I spoke to another vet in the practice....and he said that when Izzy shows agression....no matter where we are....to flip her on her back........hold her down....and stare into her face. Yep, stare down a dog who can only see movement and shows no dominance aggression.


----------



## msmagnolia (Sep 8, 2004)

I am not speaking in position of authority in any way. What you are describing sounds like something that a good friend went through some years ago with a cocker spaniel. The vets referred to it as Rage Syndrome. Here is a link as it relates to Cockers and Springers......http://www.essfta.org/Health_Research/aggression.htm

My friend's result was not very good, but I don't recall that her dog took any medication. I hope the Prozac works for Izzy. Meanwhile, I would get a behaviourist involved.......Please keep us posted.

PS. If you read all the way to the end of the article that I mentioned you will note that they no longer recommend the alpha roll......


----------



## k/c mom (Oct 9, 2004)

> I spoke to another vet in the practice....and he said that when Izzy shows agression....no matter where we are....to flip her on her back........hold her down....and stare into her face. Yep, stare down a dog who can only see movement and shows no dominance aggression.[/B]

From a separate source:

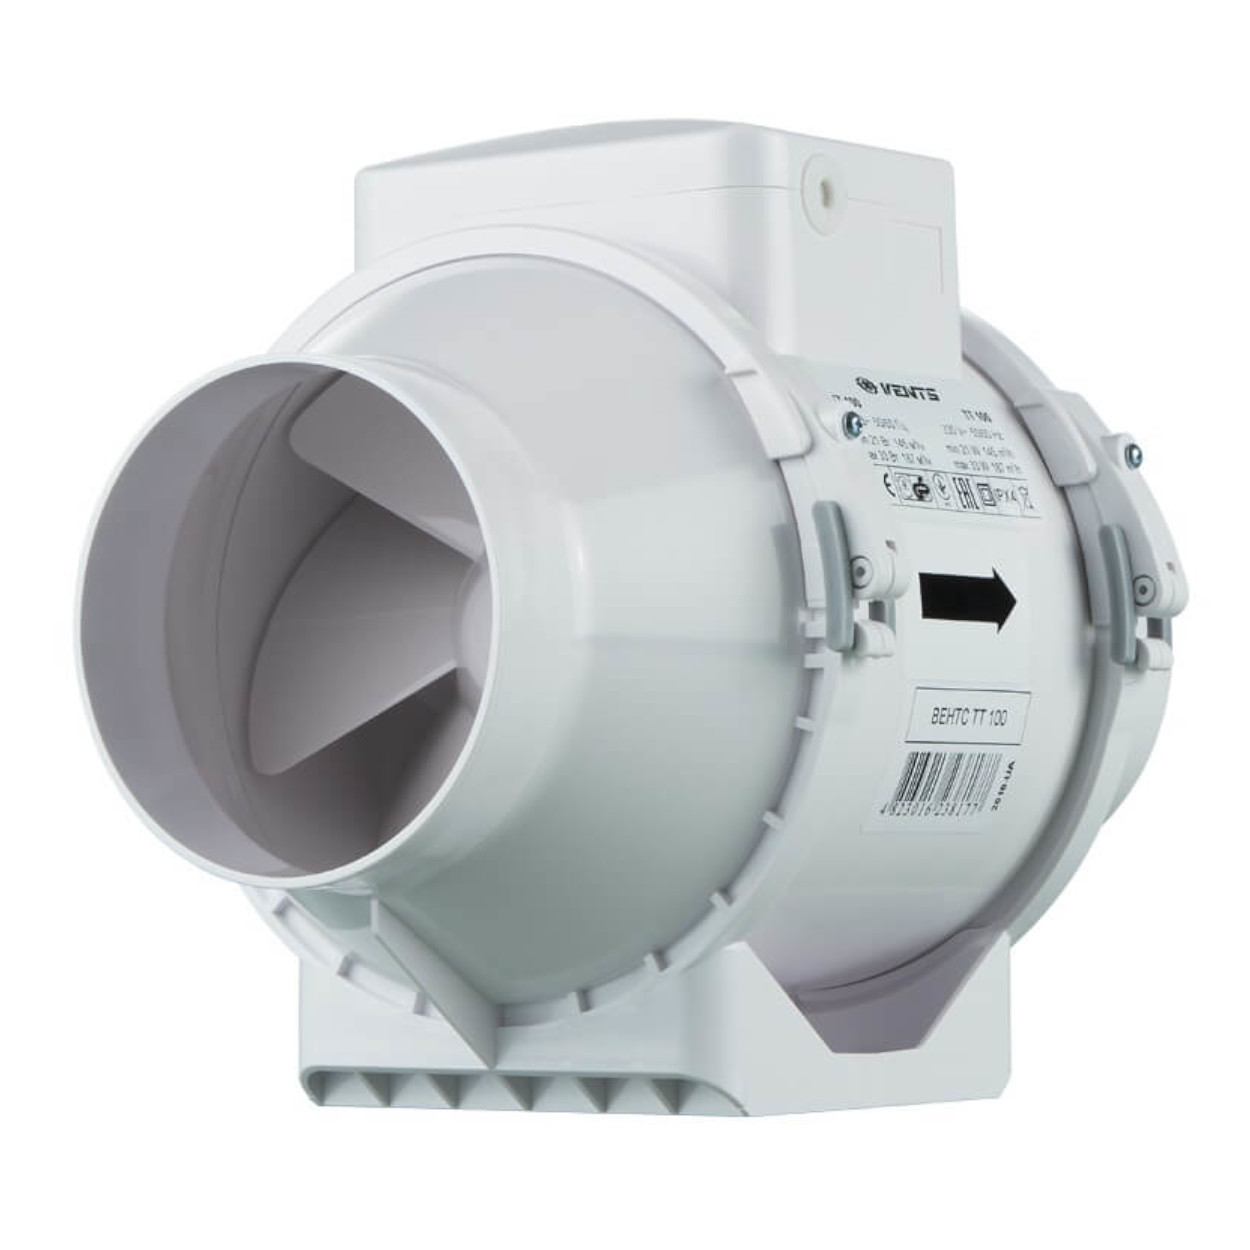 Mixed-flow inline fan range Vents TT 150 up to 520 m³/h IPX4 | Home & Commercial Heaters, Ventilation & Ceiling Fans |
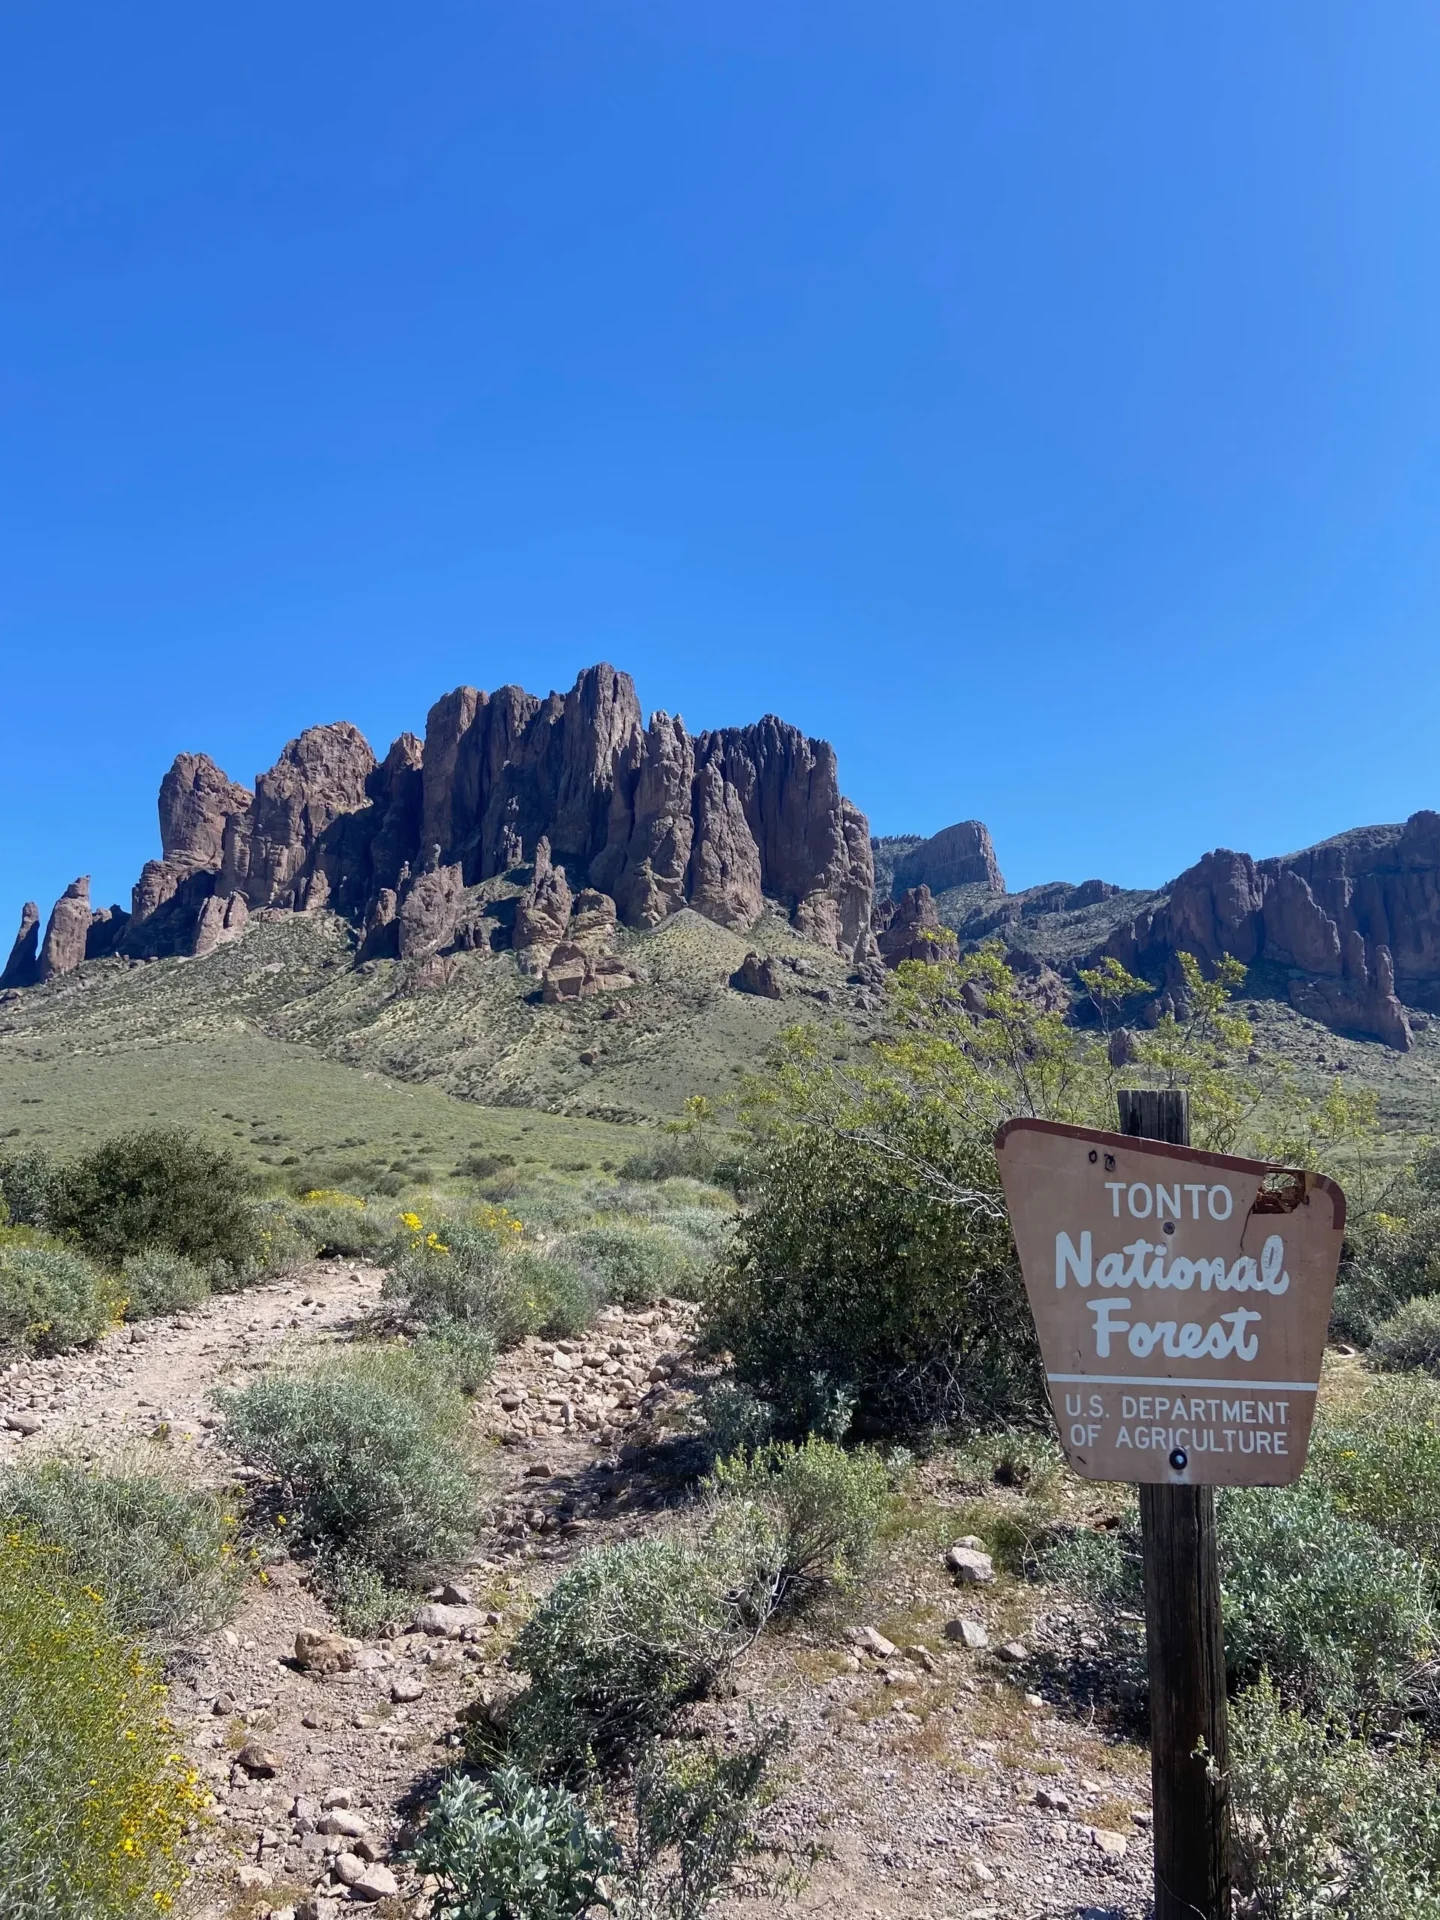 Lost Dutchmain Trailhead at Superstition Mountain.

Yikes!!! That's the alpha roll and while it used to be the thing to do, we've now come a long way since then and know now that it is not. Here is just one (of many) links to info on this *outdated training method*. It's from About.com: 

"The Alpha Roll, once hailed as the premier way to prove to your dog who's "Alpha" (Boss) in the family, has been replaced by a gentler, more successful way of training. Now the Alpha Roll, besides being obsolete, has proven to be detrimental to the health and mental well-being of your dog, as well as downright dangerous to the 'Roller'". MORE ....... http://dogs.about.com/cs/basictraining/a/a...erms=alpha+roll


----------



## MalteseJane (Nov 21, 2004)

And some vets still recommend it ! Makes you wonder if they "update" themself along their career.


----------



## MalteseJane (Nov 21, 2004)

K/C I just read that article. Not sure I agree with the first part. When dogs are playing rough or fighting, one of them will lie on his back to show submission, it's not the stronger dog that makes the other one lie down forcefully, He is laying down by his own will. And normally, the stronger dog will let go the submissive dog at that moment (unless of course if it's a vicious dog). But to just assert dominance, he will not kill the submissive one. That's what you can see on documentaries with wolfes in pack.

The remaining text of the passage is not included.